Biomoby has proposed a mechanism to allow parts of the moby data to be referenced to achieve this in their framework. The reference types can be advertised in the moby central metadata registry and therefore made available to clients such as Taverna.

We note that creating a service which accepts or creates references is not actually that hard - the hard part is to advertise this capability, specifically that technologies such as WSDL have no way to say 'this input has schema type XXX' when the input is a reference rather than a value. The challenges that any system must solve to support reference passing are therefore :

  1. Allow input data to be passed to the service as a reference type.
    1. Do this without breaking any existing typing system such as Moby data types, XML schema - this implies that the description of the service must seperate the transport and data content descriptions in some way.
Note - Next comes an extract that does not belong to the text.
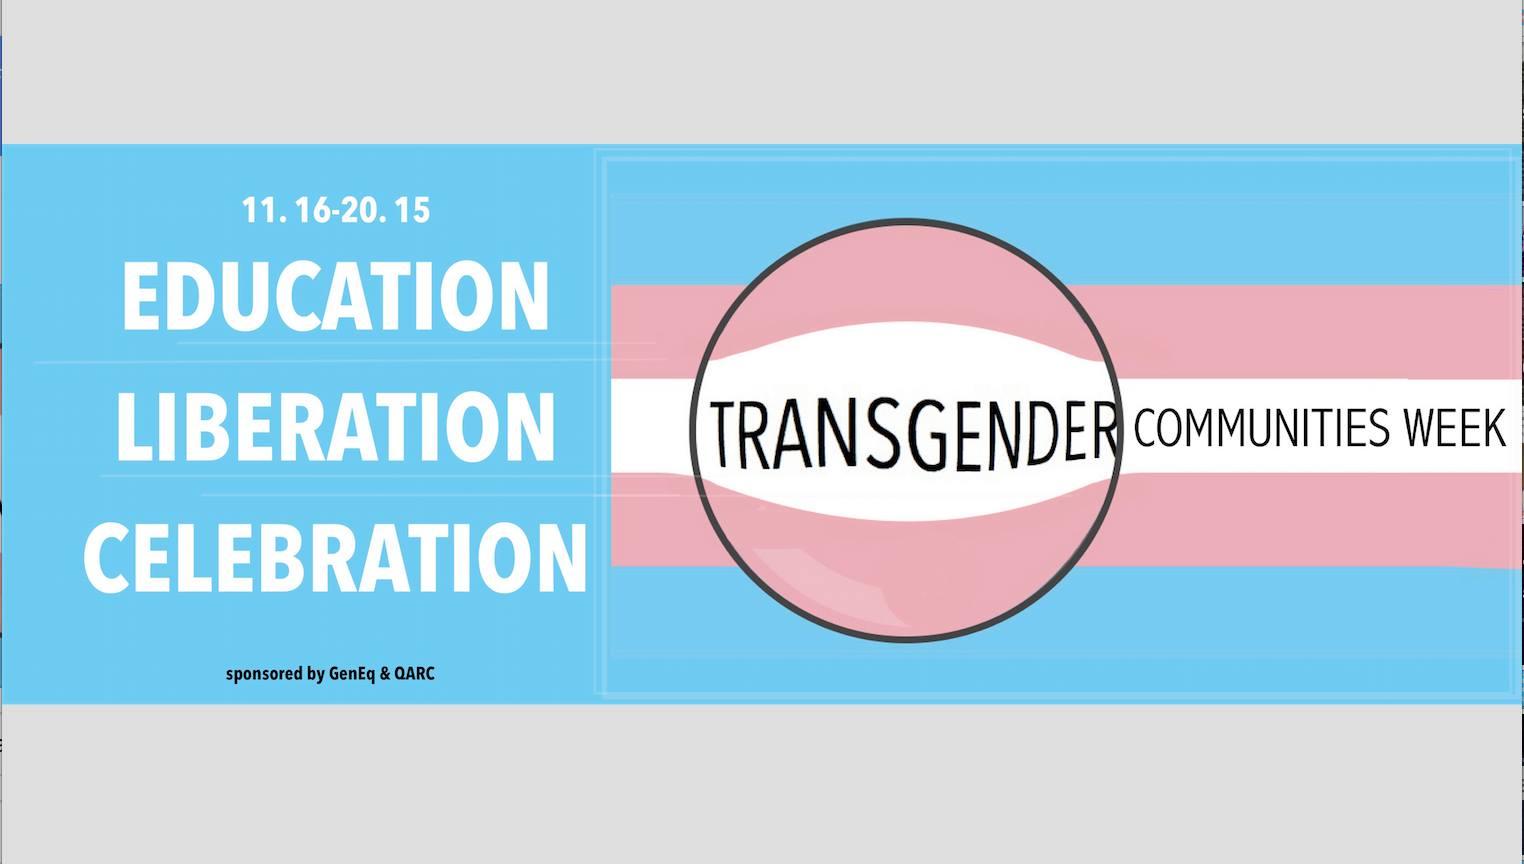 Transgender Communities Week

The service at a conceptual level consumes the data type independently of the transport type the service container uses to supply this.
  2. When the call to the service is made the service should allow the client to specify the delivery type for any results.
    1. Delivery types can be specified as references - there are already systems out there such as the OGSA-DAI system that define a delivery block (such as 'put data on this ftp server and return a URL to it'
    2. Some level of negotiation would be good - client requests a set of plausible references and the service negotiates one it can provide.
    3. The default delivery would presumably be pass by value.
  3. Ideally a naive (non reference aware) client should be able to use the service exactly as it would without any of this work - this implies either back compatibility at the client API layer (Moby) or back compatibility in the description (i.e. WSDL)
  4. Allow some level of lifecycle management for results held in a delivery location
    1. Allow the client to request specific characteristics i.e. 'hold this data for at least five minutes'
    2. Generate policies based on authentication where present?